Irgendwie können die unterwürfigen "Welling-Jünger" klare Worte zur Realität und zum Ist-Zustand immer noch nicht verkraften.

LachenLachenLachen - ein lustiger Beitrag - weiter so! Wir werden jetzt " Mainzer" weil wir unserem Messias folgen müssen.
Bergeborbecker123456 2018-04-12 10:22:47 Uhr
Es geht doch um nix mehr. lasst doch mal die Jüngeren ran. Kann den Malura bednarski und den Lucas nicht mehr sehen. Man man man. Lasst den Harenbrock Remmo Unzola Tomiak mal ran. Viel schlechter werden die das nciht machen. Als diese Alibi Fusballer ohne Herz.

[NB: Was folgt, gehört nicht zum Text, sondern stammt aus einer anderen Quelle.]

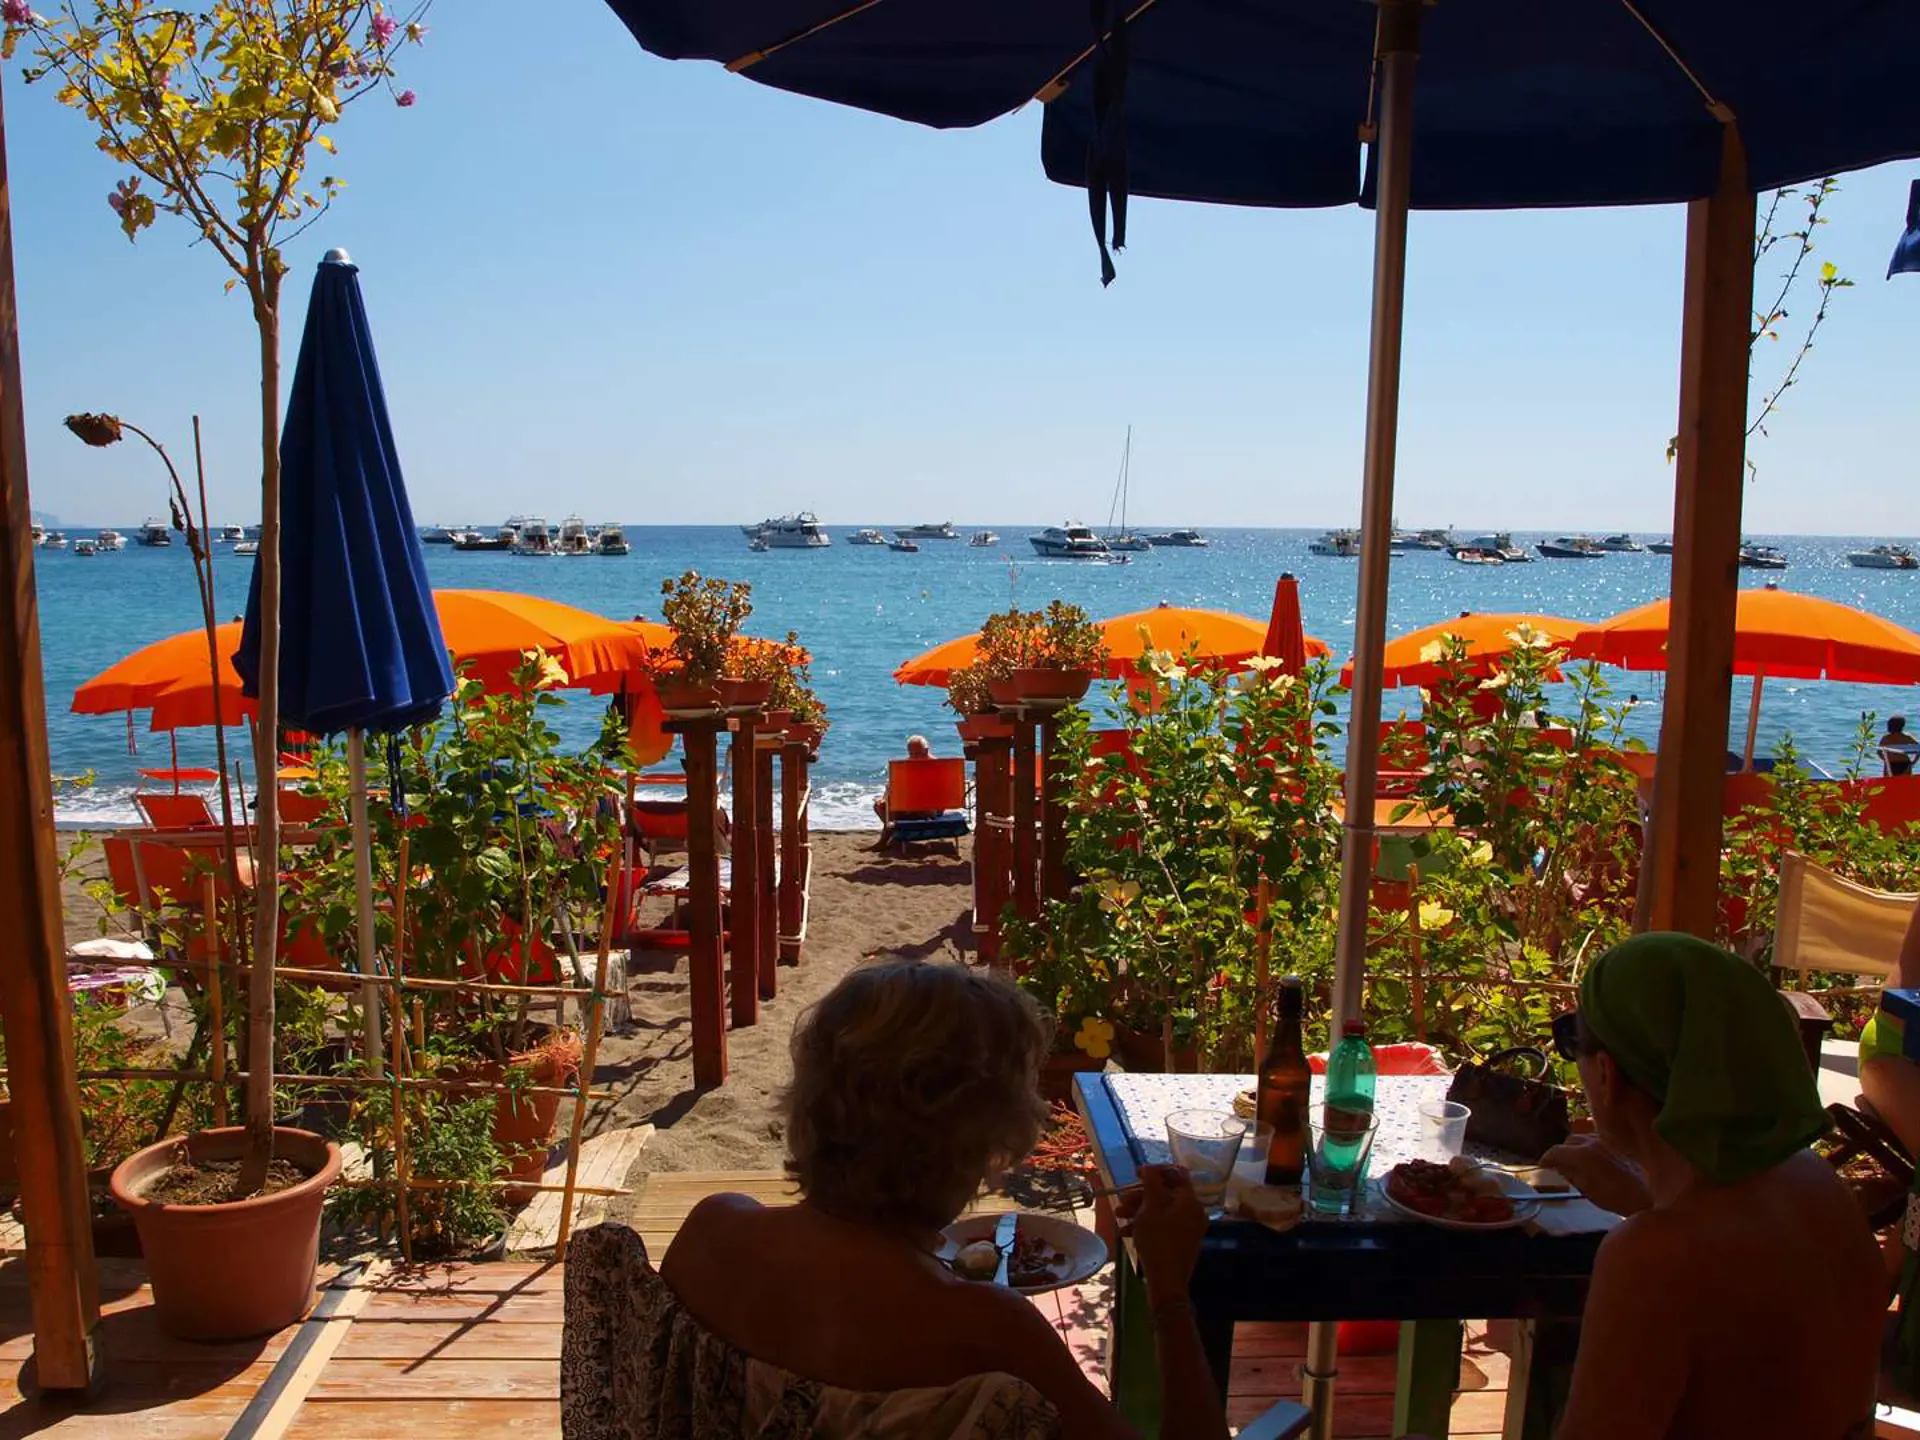 Hotel Villa Maria har en beach Club, hvor I kan leje solsenge og parasoller

Bergeborbecker123456 2018-04-12 10:25:40 Uhr
Ich weiß einfach nicht mit welcher berechtigung den Nico Lucas schon fast 60 Spiele gemacht hat. Bis auf alibi pässe zur seite und nach hinten kommt DA NIX. WARUM??? Gewinnt keine Zweikämpfe.Grätscht nie, hat in fast 60 Spielen net einmal ne Gelbe gesehen Lachen haha. Also von einem Zentralen man will cih das er auch mal dazwischen hauen kann... BITTE UHLIG MACHEN SIE IRGENDWAS. JEDER SIEHT ES!!
Brückenschänke 2018-04-13 09:52:10 Uhr
Es gibt immer noch zu viele Welling Anhänger in Essen.